Decision trees are versatile machine learning algorithms that can perform both classification and regression tasks, and even multioutput tasks. It works by recursively partitioning the data into subsets based on statements of features, making decisions whether or not the statement is True or False.

  • Handle both numerical and categorical data.

  • Do not require feature scaling.

  • The algorithm selects the best feature at each decision point, aiming to maximize information gain (for classification) or variance reduction (for regression). Decision trees are interpretable, easy to visualize, and can handle both numerical and categorical data. However, they may be prone to overfitting, which can be addressed using techniques like pruning.

  • Ensemble methods, such as Random Forests and Gradient Boosting, often use multiple decision trees to enhance predictive performance and address the limitations of individual trees.

  • Decision Tree is white box model which is interpretable ML, vs Random Forest, Neural Networks is black box model (not easy to interpret).

  • Some DT algorithm:

    • ID3, C4.5 (Information Gain/ Information Gain Ratio)
    • CART (Gini Index)
    • SLIQ, SPRINT (Gini Index)

9.0.1 Training and Visualizing

## Train a decision tree

from sklearn.datasets import load_iris
from sklearn.tree import DecisionTreeClassifier

iris = load_iris(as_frame=True)
X_iris = iris.data[["petal length (cm)", "petal width (cm)"]].values
y_iris = iris.target
some_flower = X_iris[100,:]

dt_clf = DecisionTreeClassifier(max_depth=2, random_state=29)
dt_clf.fit(X_iris, y_iris)
print(dt_clf.predict([some_flower]))
print(dt_clf.predict_proba([some_flower]))
[2]
[[0.         0.02173913 0.97826087]]

Figure 9.1: Decsion tree decision boudaries
## Plot a decision tree

from sklearn.tree import plot_tree

plot_tree(dt_clf, feature_names=["petal length (cm)", "petal width (cm)"], class_names=iris.target_names)
[Text(0.4, 0.8333333333333334, 'petal width (cm) <= 0.8\ngini = 0.667\nsamples = 150\nvalue = [50, 50, 50]\nclass = setosa'),
 Text(0.2, 0.5, 'gini = 0.0\nsamples = 50\nvalue = [50, 0, 0]\nclass = setosa'),
 Text(0.6, 0.5, 'petal width (cm) <= 1.75\ngini = 0.5\nsamples = 100\nvalue = [0, 50, 50]\nclass = versicolor'),
 Text(0.4, 0.16666666666666666, 'gini = 0.168\nsamples = 54\nvalue = [0, 49, 5]\nclass = versicolor'),
 Text(0.8, 0.16666666666666666, 'gini = 0.043\nsamples = 46\nvalue = [0, 1, 45]\nclass = virginica')]

Figure 9.2: Decision tree

The structure of a decision tree:

  1. Root node: depth 0, at top
  2. Branch nodes: split data based on statements
  3. Leaf nodes: output, no child nodes

Figure fig-decision-tree, in a node:
- Samples: count instances in that node
- Value: count instances of each class
- Gini (Gini impurity): a measurement, measure a node is pure (0) or not (-> 1) \[G_{i}=1-\sum_{k=1}^{n}p_{i,k}^{2}\]
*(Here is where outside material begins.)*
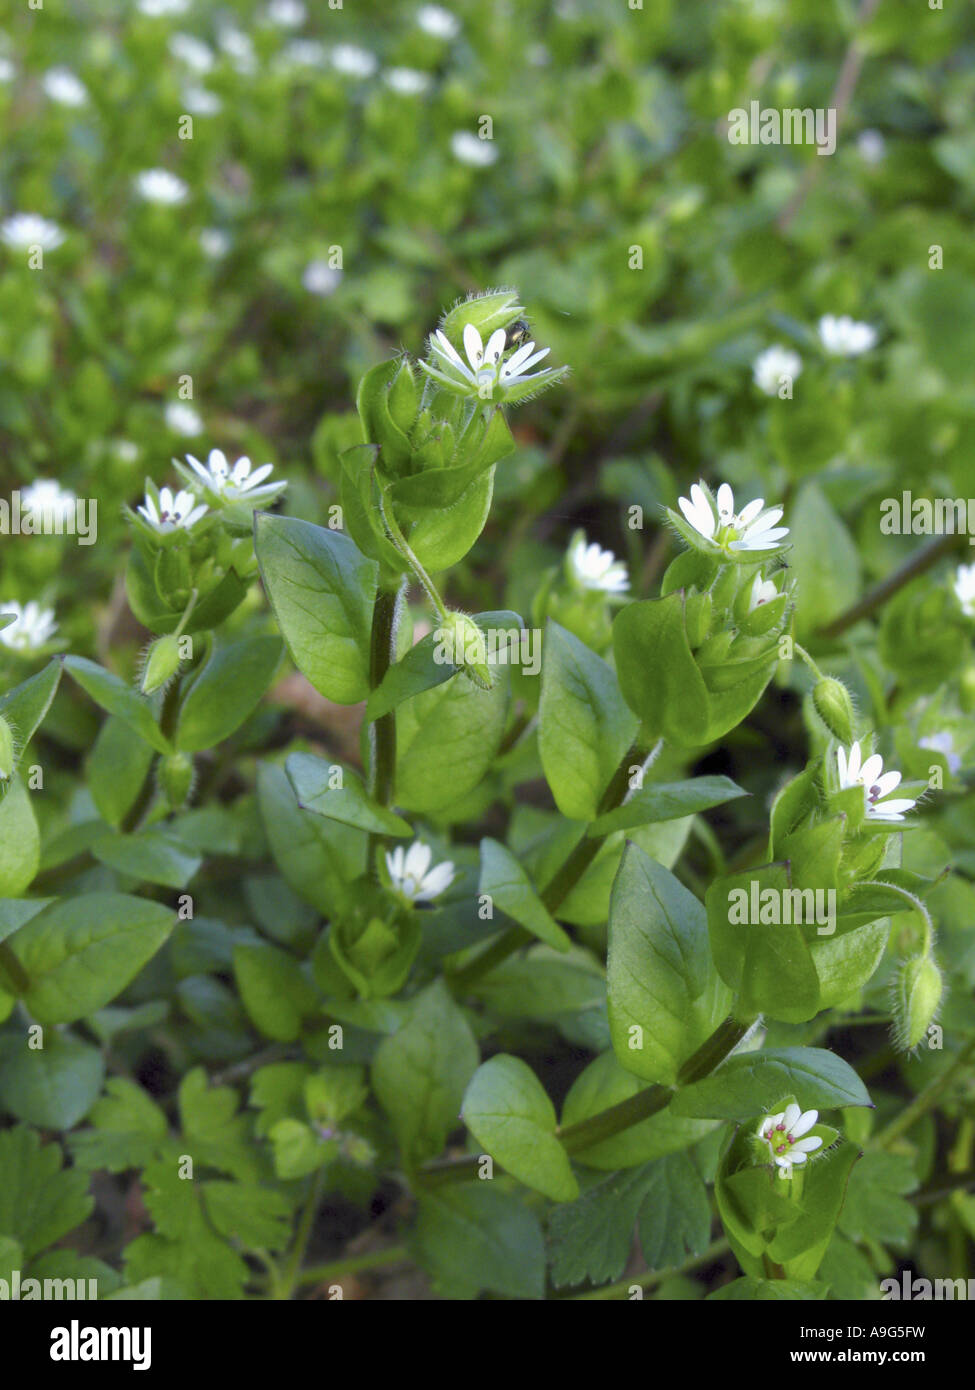 common chickweed (Stellaria media), blooming plants Stock Photo

Gi: Gini impurity of node i\
pi,k: probability of `class k instances` in total instances in node `i`

Other measurements:

  • Entropy (Entropy impurity) : measure randomness or uncertainty \[H_{i} = -∑ p_{i,k}log_2(p_{i,k})\]

  • Information Gain = (Entropy before split) - (weighted entropy after split)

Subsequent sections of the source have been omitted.